5.1.1 Blocking and non-blocking

All IO models under Linux are blocked because of the basic principle of sending and receiving data. Blocking user threads is an efficient way to do this.

You could, of course, write a program that sets the socket to non-blocking mode and executes an I/O operation in an infinite loop without using a monitor. But this is so inefficient that it makes no sense.

In other words, blocking is not the problem, running is the problem, and running consumes CPU. IO multiplexing does not reduce blocking, it reduces running. Context switching is the problem. IO multiplexing effectively reduces context switching by reducing the number of processes running.
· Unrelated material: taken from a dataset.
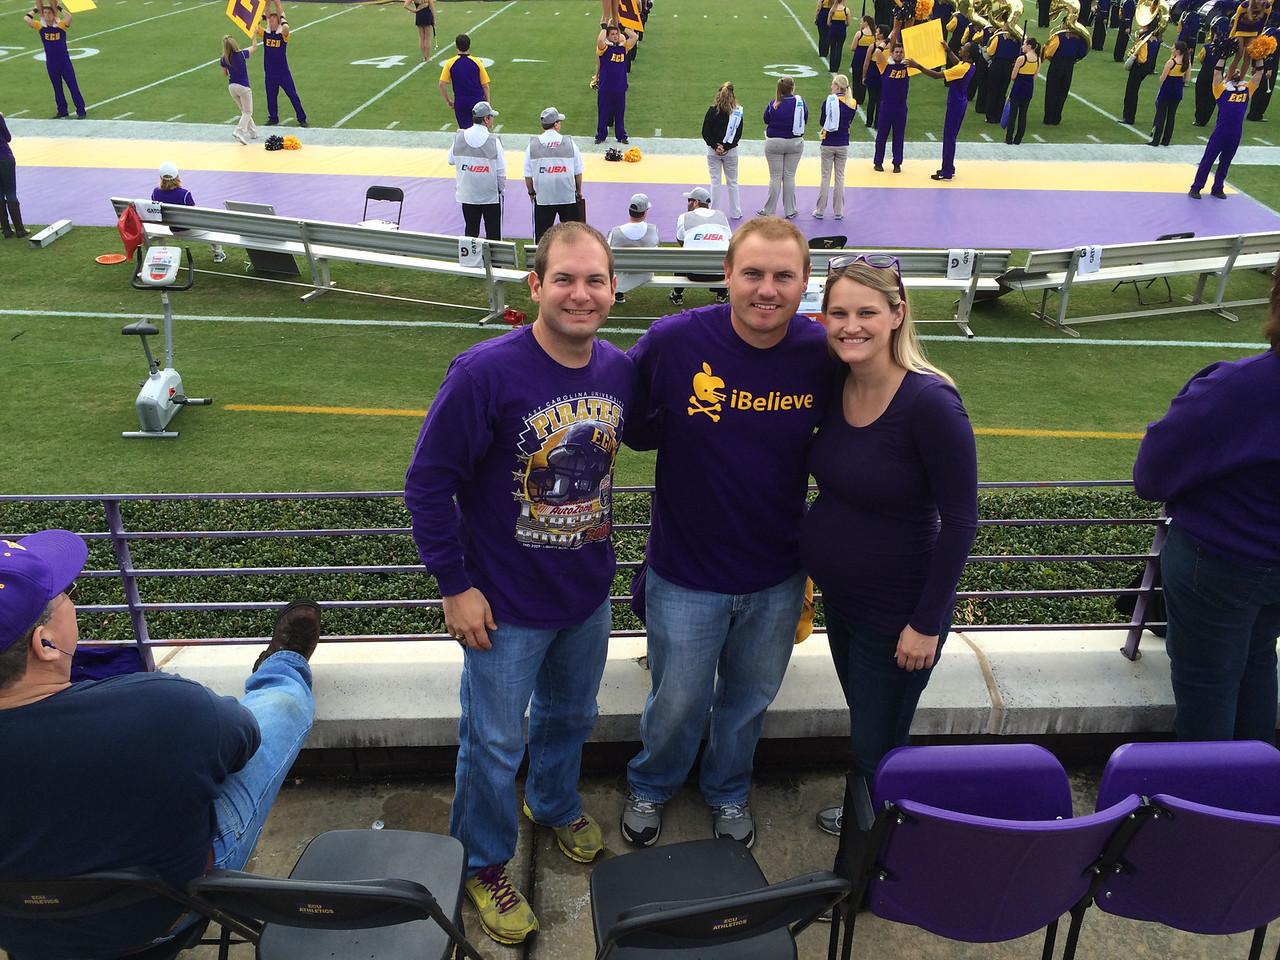 11/16 ECU vs UAB  At our seats: Jon, JG, Stephanie

5.1.2 Synchronous and Asynchronous

All IO models under Linux are synchronized. BIO is synchronous, SELECT is synchronous, Poll is synchronous, ePoll is still synchronous.

Java provides AIO that might be called “asynchronous.” But the JVM runs in user mode, and Linux does not provide any asynchronous support. So the asynchronous support provided by the JVM is not fundamentally different from the “asynchronous” framework that you package yourself (which you can easily package using BIO).

Synchronous and asynchronous are just two event Dispatchers or design patterns (Reactor and Proactor). Since both are running in user mode, how much performance difference can there be between the two design modes?

Reactor corresponds to Java’S NIO, the core API of channels, buffers, and selectors.
Proactor corresponds to Java’s AIO, the API that forms the core of the Async component and Future or Callback.

5.1.3 My classification

I think there are only two types of IO models:

A process model that programmers understand and use;
More in line with the operating system processing logic, IO multiplexing model.

For “I/O multiplexing” event distribution, there are two categories: Reactor and Proactor.

5.2 about the mmap

Does epoll use Mmap at all?

Answer: No!

It was a false rumour. And it’s actually pretty easy to prove, let’s do a demo with epoll. Strace makes it clear.